Tu libertad la determina tu necesidad de estar próximo al teléfono móvil. El realmente libre, y la libertad es poder, al menos interior, individual, puede estar alejado por toda la jornada del aparato. Cuanta más distancia, cuanto más frío esté el terminal por no usarlo, más poderoso eres. La libertad de la independencia, el poder de la autoreferencia. Menos es más. Alcanzar esta meta no es fácil, precisa de una evolución como persona. Y para evolucionar no solo hace falta autoexigencia hacia los estímulos exteriores y la sociedad en sí, sino desarrollar tu potencial intimista con vocación de grandeza. Una grandeza noble, virtuosa, apostada en los valores clásicos que afianzan la vida y la muerte como transcendencia permanente.

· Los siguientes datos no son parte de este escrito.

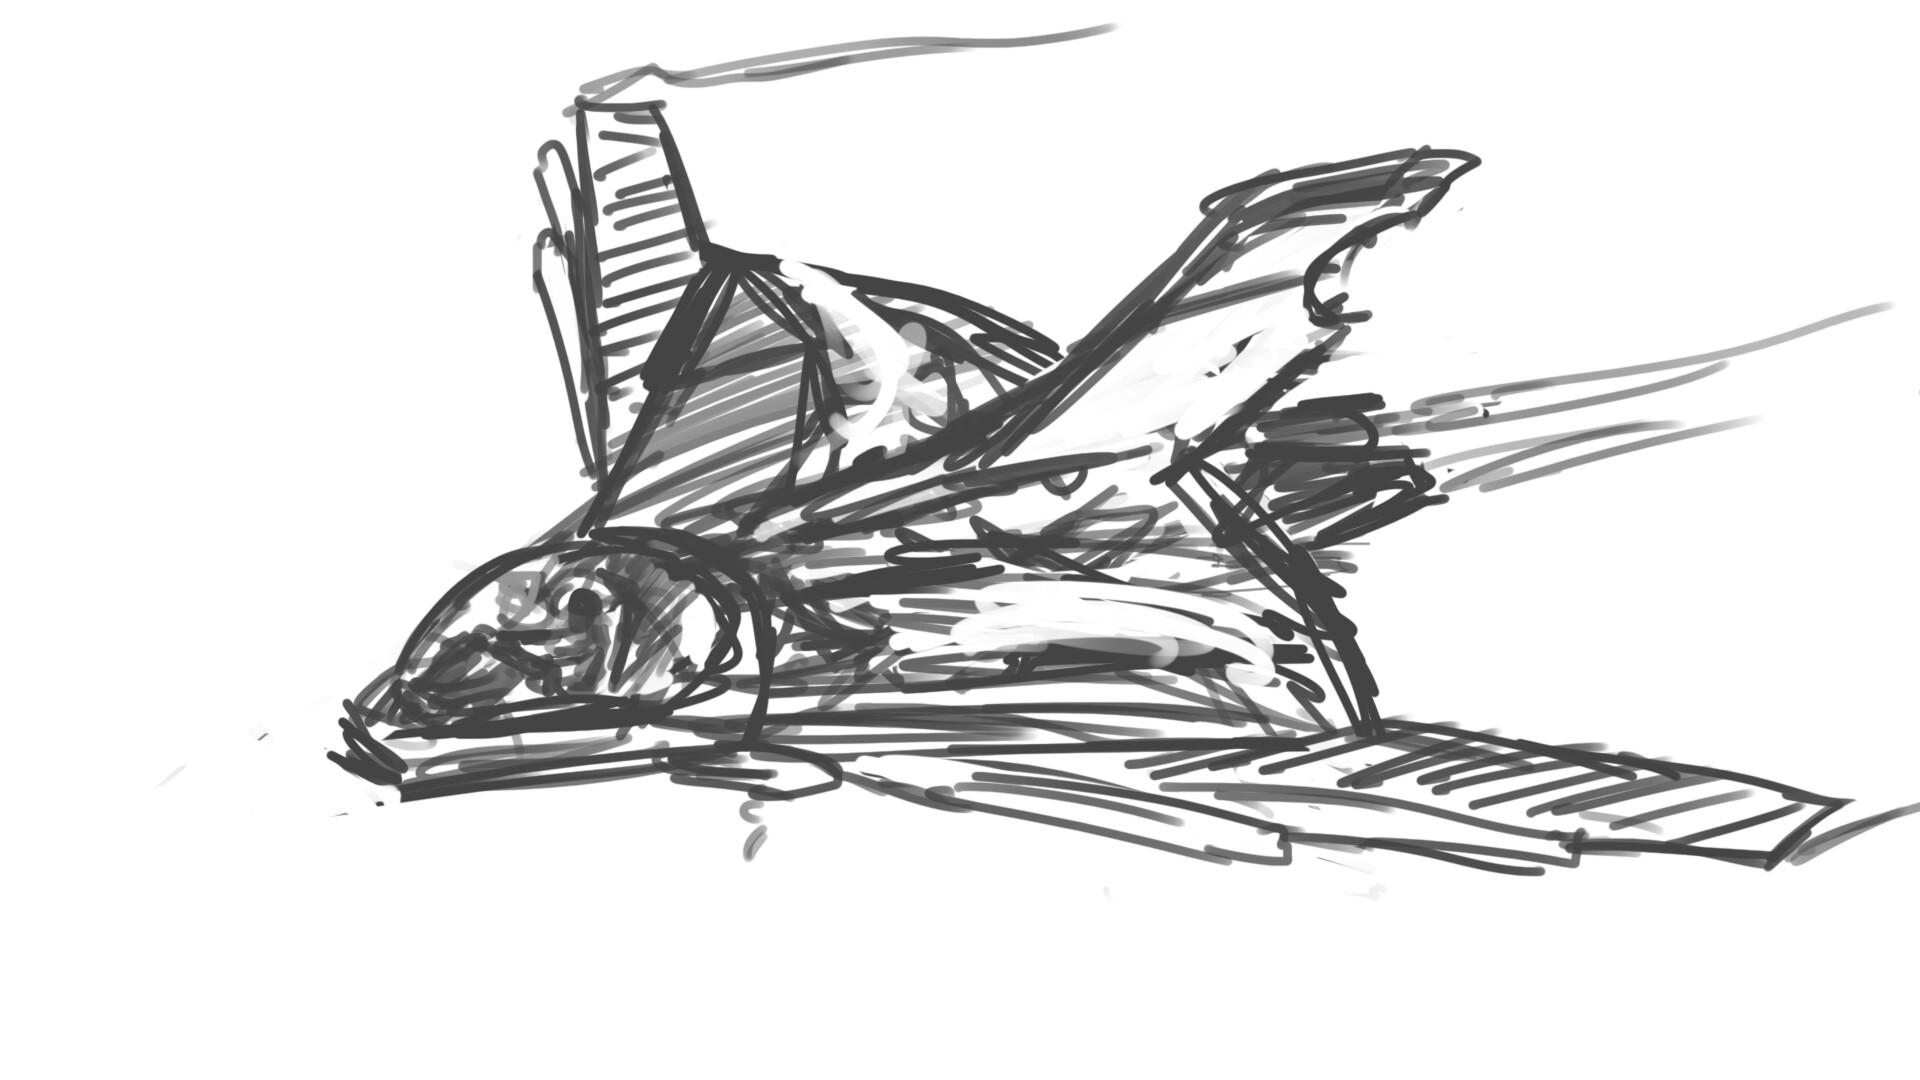 Alexander laheij drawing10 71

El móvil aquella mañana fue recibiendo poco a poco notificaciones. Cada vez menos llamadas, aunque las había, pero numerosos enlaces a las últimas noticias, timbres de las redes sociales y recepción de los correos electrónicos. Vamos, los folletos que llenaban antaño los buzones en los portales de los edificios con la publicidad de los supermercados, no era nada comparado con la ola actual de la notificación al instante.

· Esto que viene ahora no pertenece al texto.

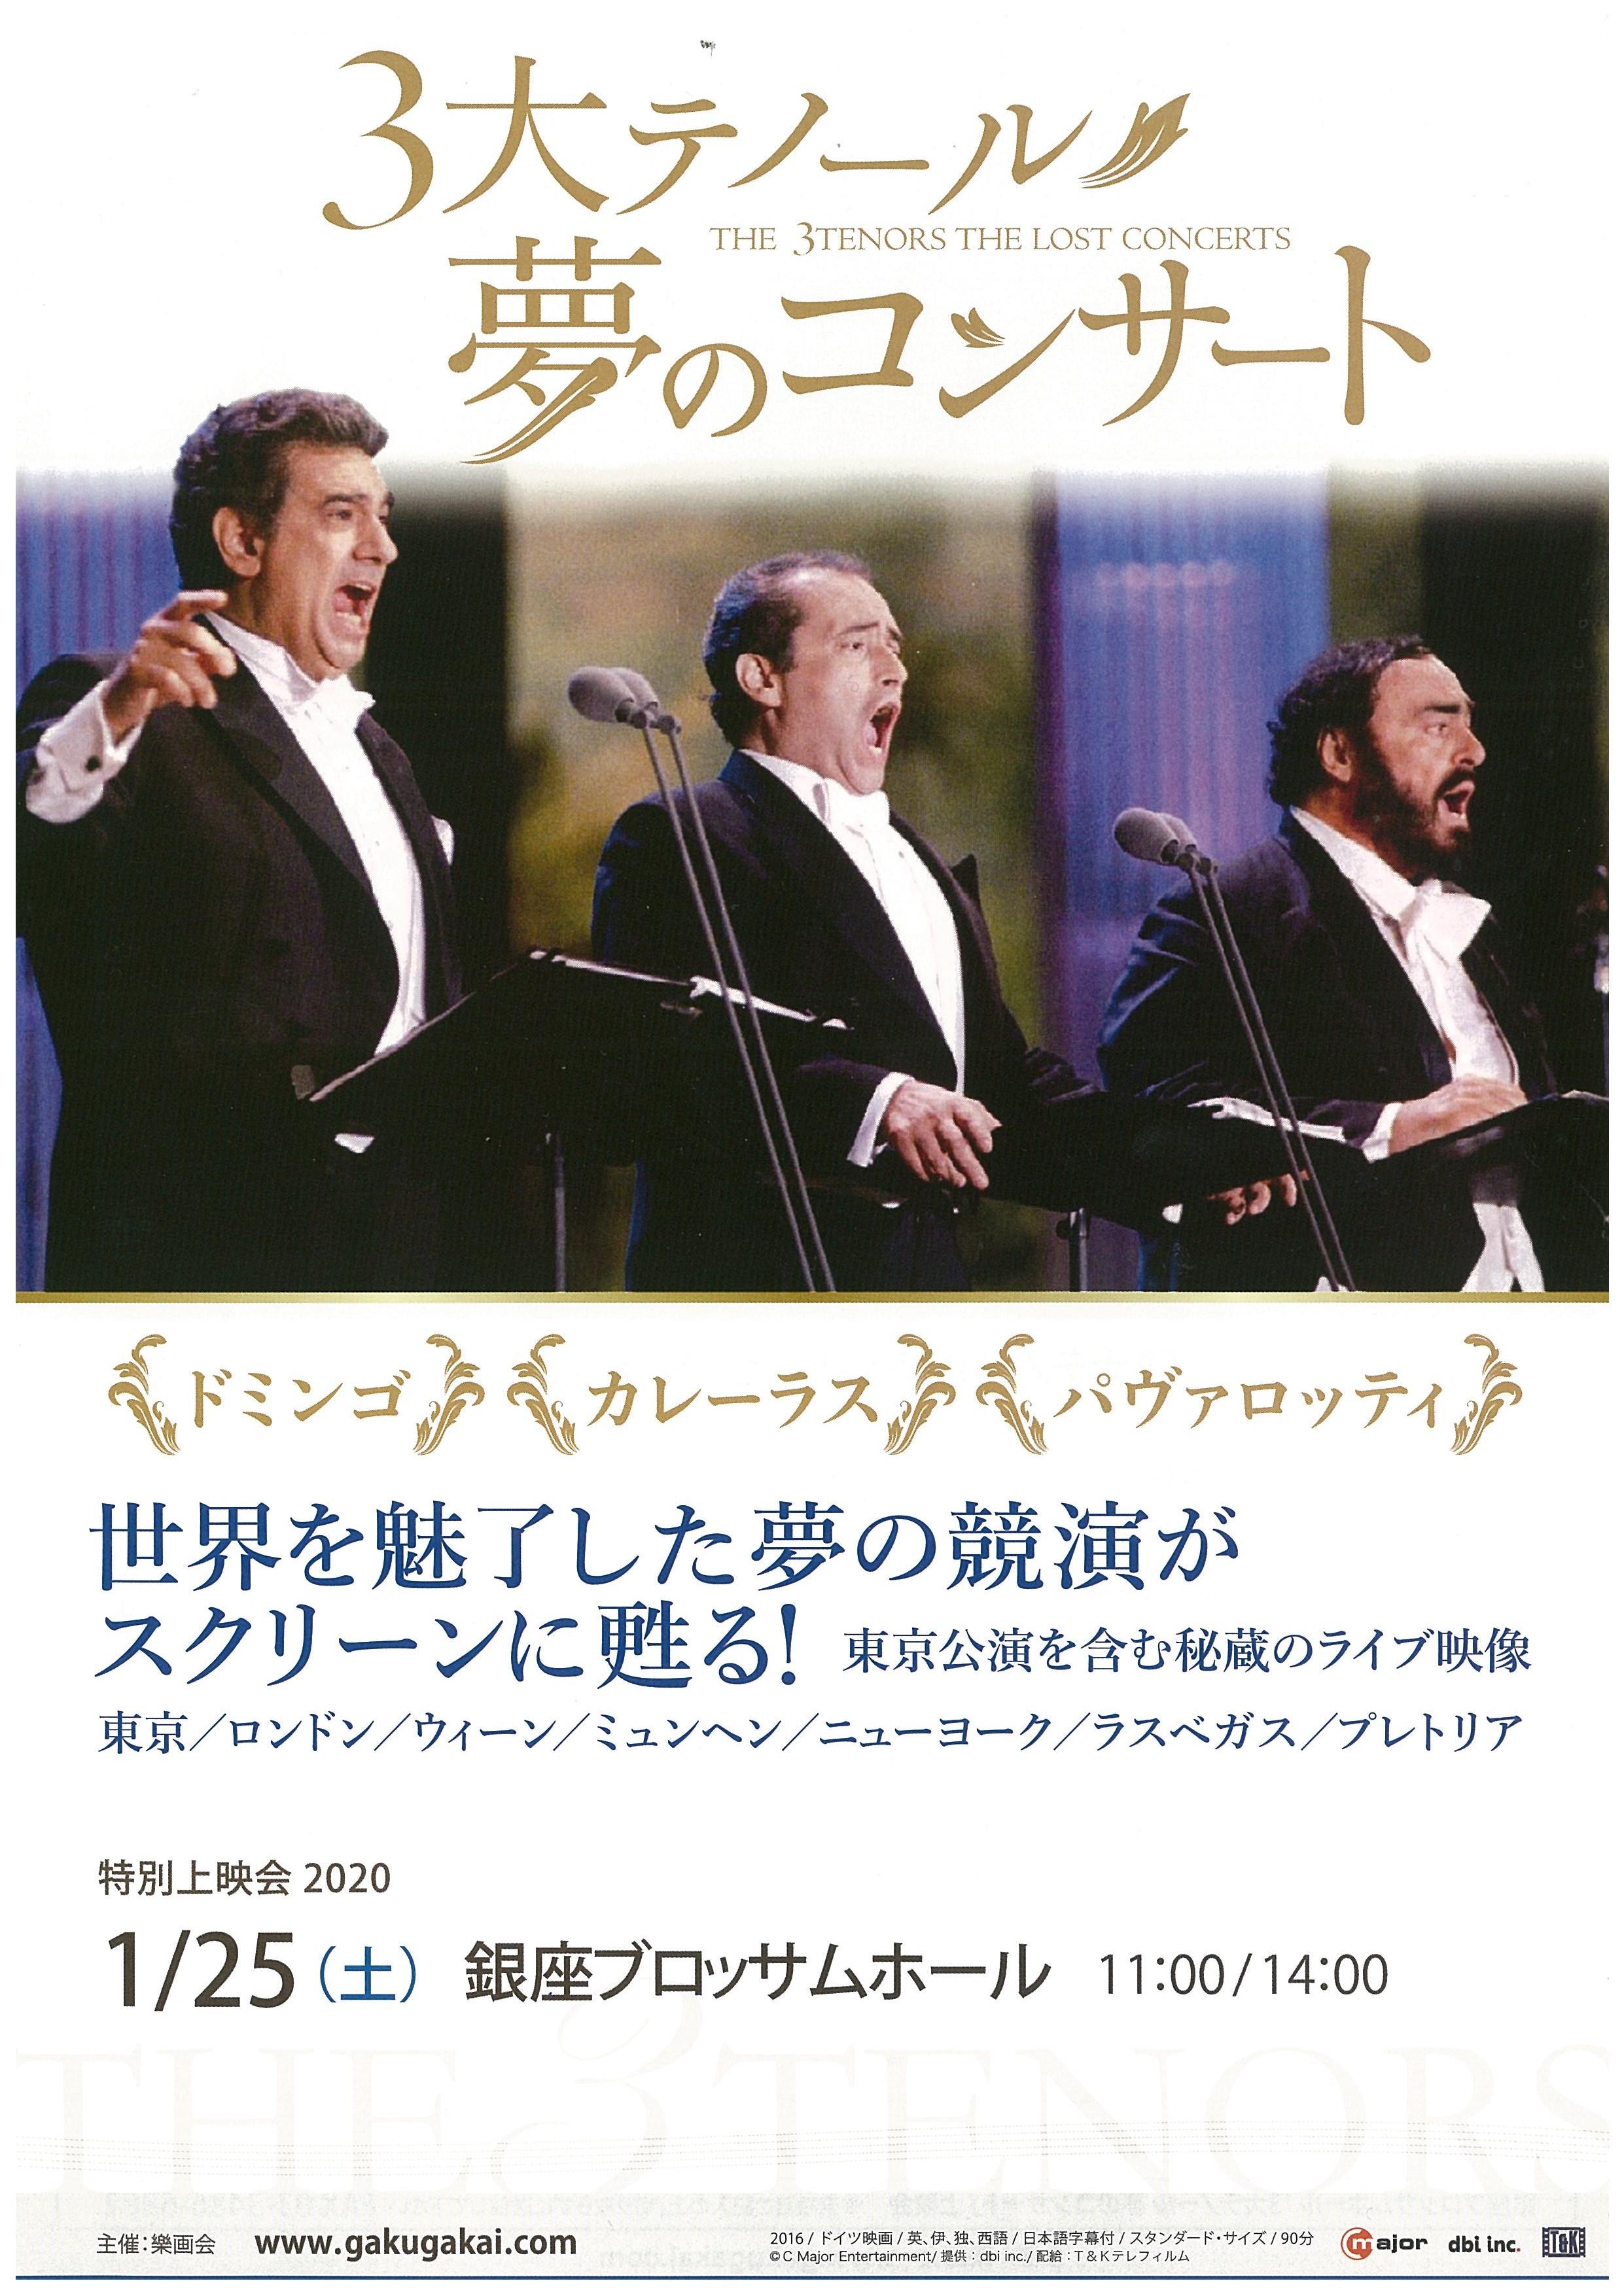 3大テノール 夢のコンサート

Sin embargo, optó por no atender el móvil. Lo dejó esquinado. Al olvido. Al reposo del día. Y se dejó llevar por las tareas domésticas, las habituales y los planes programados en la calle o lo que fuese surgiendo. El móvil entonces quedó anclado a la casa como el televisor a la pared.

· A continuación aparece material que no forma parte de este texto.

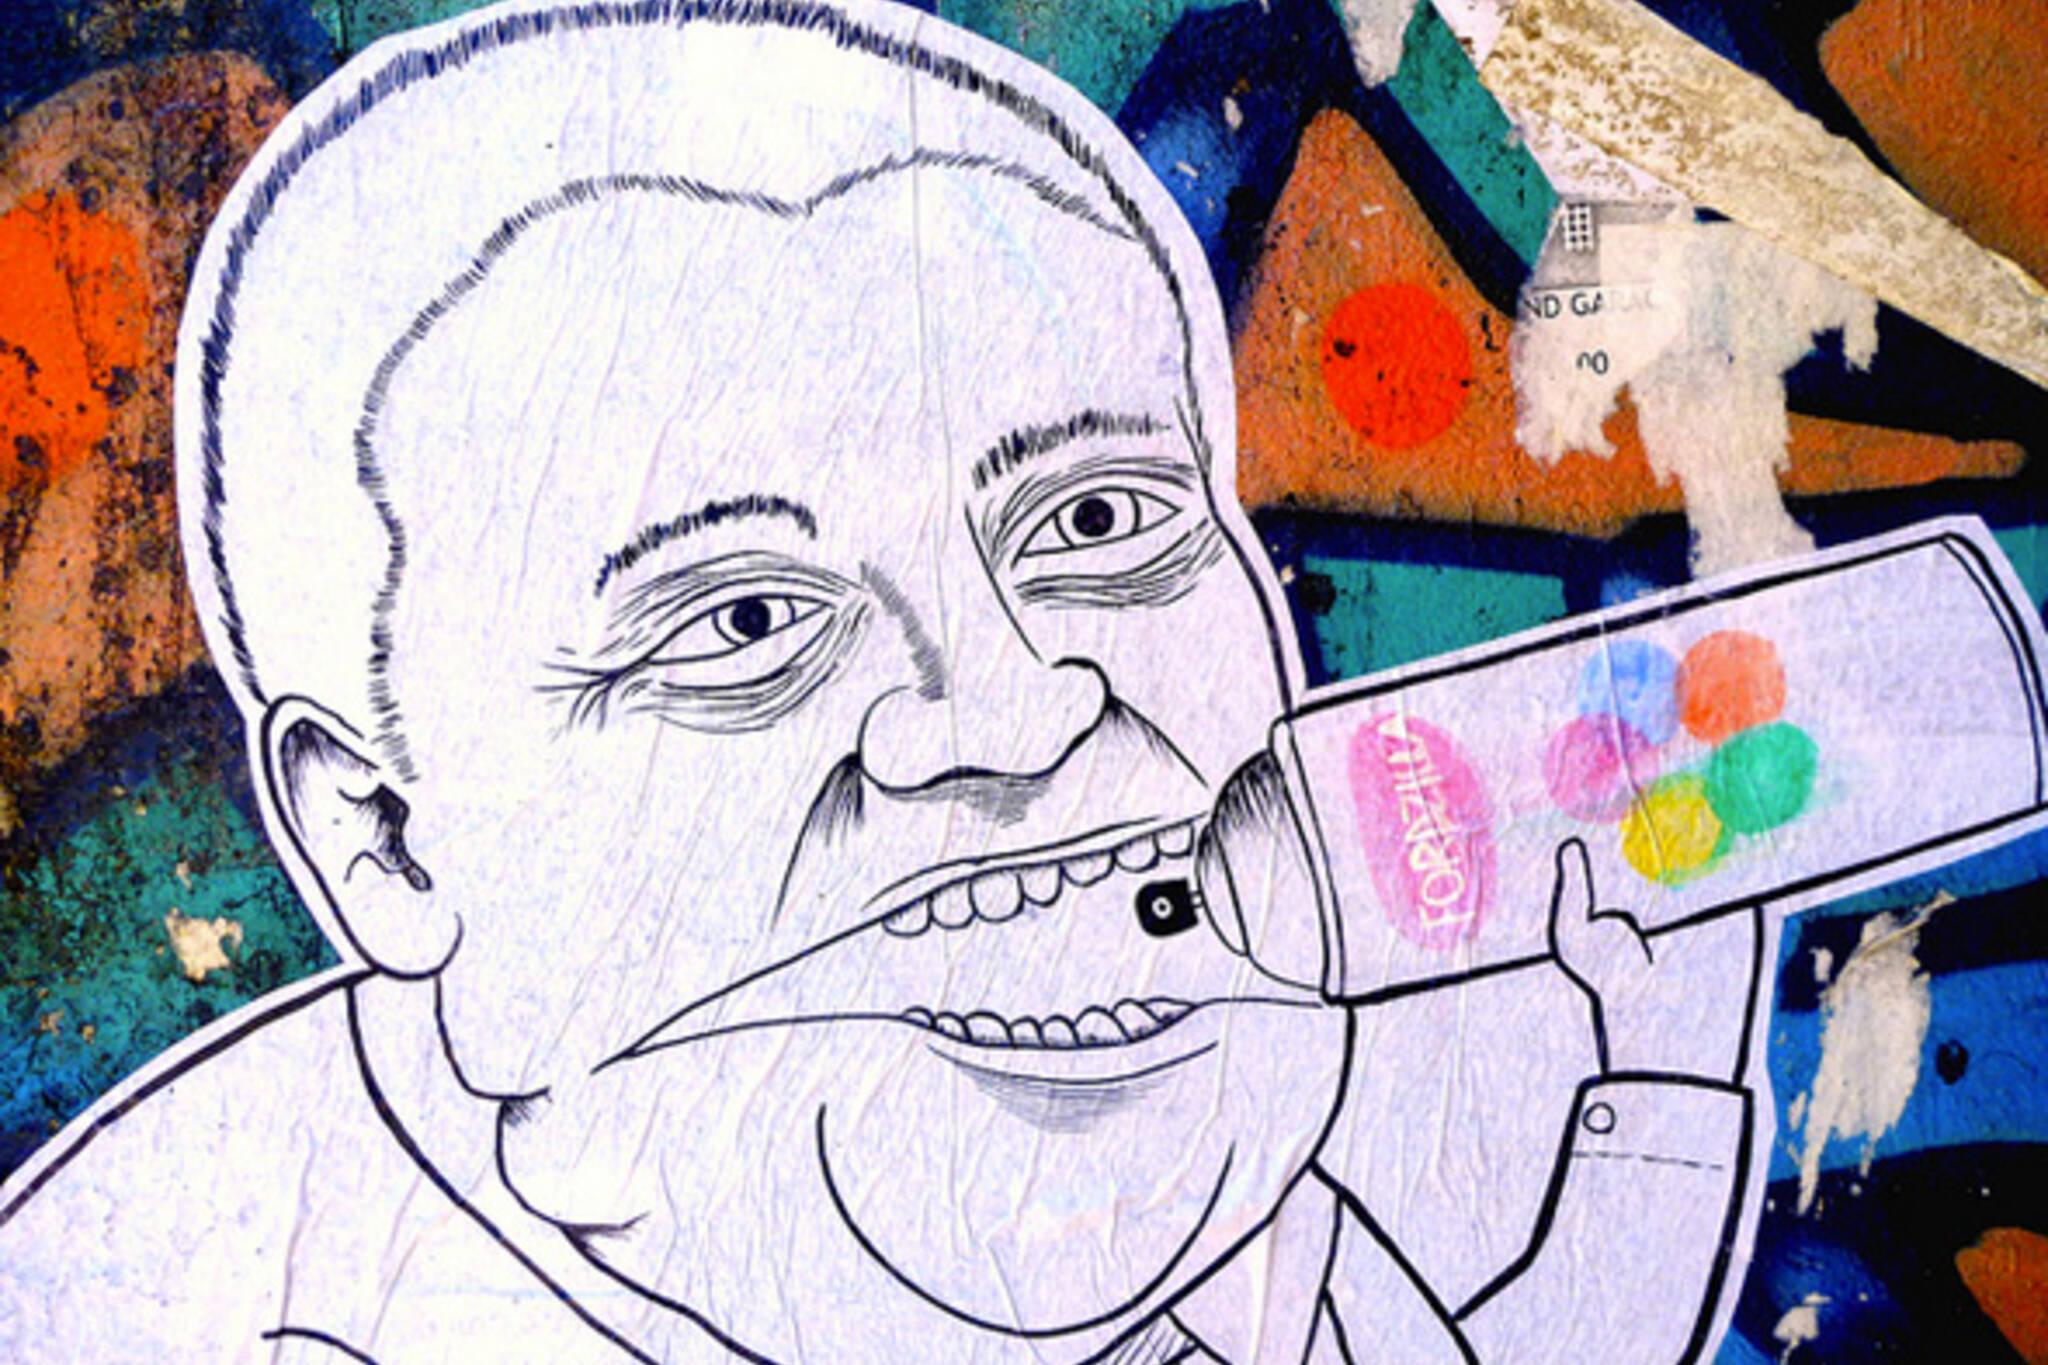 Rob Ford Graffiti Wheatpaste

A medida que trascurrieron las horas, se fue agolpando un listado y rebumbio de notificaciones en el móvil que, de repente, su propia importancia se fue difuminando. El primer mensaje de telefonía recibido, que aparentemente era tan necesario, fue perdiendo fuelle a la vez que otros llegaban. Es decir, el uno al otro se superponía en una espiral infinita donde solo vence la irrelevancia. La irrelevancia de la libertad que es, al fin, la conquista personal de la nada a la que nos debemos en última instancia. Así que cuando llegó la noche tuvo la duda de detenerse por unos minutos a observar lo recibido o directamente apagarlo para dejarlo como tarea pendiente al día siguiente. Para esas horas de la noche ya no sabía cuánto tenía que responder. El listado exterior se hizo chico. El propio móvil dejó de ser móvil. Nada era relevante. Se había inundado de virtualidad el aparato, había muerto de éxito. Aunque un éxito engañoso, que hipoteca la realidad misma a la que nos debemos. El móvil a sí mismo se había ahogado. Y sin mérito alguno.